Written by Girl Birthday Gift
This is my body. This is my body unedited, unfiltered and what it looks like after having two kids.
First off, can I just tell you how horrifying it is to post unedited photos of yourself on the internet in your almost-skivvies? But, it is necessary since I want to share my fitness journey and I figure sharing it here on the blog will keep me accountable and help me to stay on track.
I have a lot of feelings about the topic of what it means to be a "fit mom." You see, for the longest time I felt like I was breaking the rules of feminism by writing down what I was eating, counting calories and working out in the pursuit of being thin. I wrote a post about body image as a mother and have mentioned that mindset numerous times. And I guess after preaching about loving yourself no matter how you look, I suppose I cornered myself into feeling guilty about wanting to get so ripped I get a four-pack.
However, after a lot of internal conflicting dialogue, I have come to the conclusion that it's OKAY if I am a fit mom who eats healthy! In fact, I am throwing my hands in the air and thinking Why didn't I do this sooner and more consistently?!
I asked for fitness motivation tips on Instagram (@alongabbeyroad) a couple of days ago, and Lucy pointed out to me that her kids are her motivation for staying fit. It hit me like a ton of bricks! Of course I should be leading a healthy and active lifestyle as an example to them. I have always admired those families who do team marathons but always thought to myself Oh, that will never be me. But that is ridiculous! It CAN be me with Matt, Luke and Wes. (Now, whether or not that actually happens is a different story, but I like the idea of being open to it and realizing it is a legitimate possibility.) Also, I don't want my boys setting up crap eating habits and developing a sugar addiction like I have. (Oh yes, my friends, the sugar addiction is real. I've had splitting headaches and mood swings all week!) My family has a history of high cholesterol, high blood pressure and diabetes, so it is extremely important I take the utmost care of my body and teach Luke and Wes those same guidelines.
So, here I am in my sports bra and shorts (and pantylines ... didn't really think that one through, woops!) on the internet, and I will be for the next 12 weeks. I have decided to do Kayla Itsine's Bikini Body Guide. I am sure you have heard of it because it the latest exercise fad. I am usually not into fitness trends BUT! Have you seen the before and after photos of the women who are participating in the challenge? MIND. BLOWING. There is no wonder why all the ladies are jumping on this bandwagon. And you guys, I am going to be one of those incredible transformations! I am determined!!

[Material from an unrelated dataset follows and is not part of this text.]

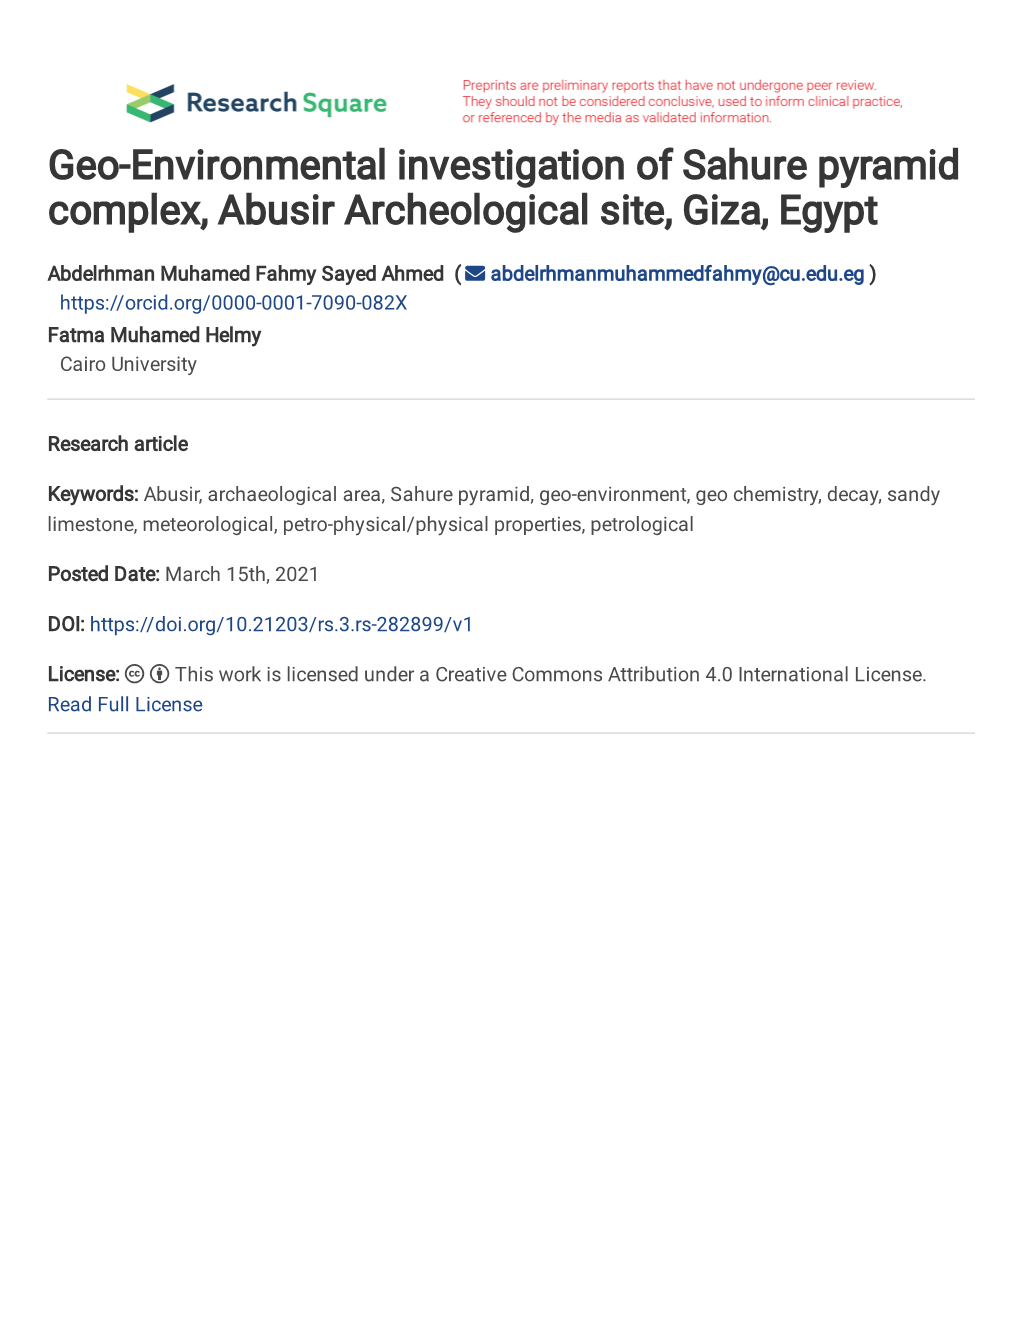 Geo-Environmental Investigation of Sahure Pyramid 1 Complex, Abusir Archeological Site, Giza, Egypt 2

I started it on Monday, so this is my first week. I cross my heart, hope I don't die (from all those circuits) it is amazing. As a mom, it works with my schedule since I can do it at home during naptime. I love its accessibility and I love how she literally tells you what to do every single day. I need that. I am horrible at coming up with my own workouts and even worse at getting out of the house to attend a class or spend an hour at the gym. This is the fitness jackpot for me. I am sore, but already feeling sturdier and more solid on day four.
She also offers a day by day food guide, but I am just using her servings guide and making my own meal plans. I am thinking about sharing my food guides each week I post a progress photo, in case you need some inspiration! I will also be sharing some of my meals and workout photos on Instagram, so be sure to follow along here.
Overall, I am excited and feeling strong and motivated. Just because I want to be lean and fit doesn't mean I love myself any less than when I am squishier and curvy. I want to reach my highest potential for an active and healthy lifestyle. I know it will help me overcome my anxiety and depression and help me to be the best version of myself.
I can be a fit mom. I will be a fit mom.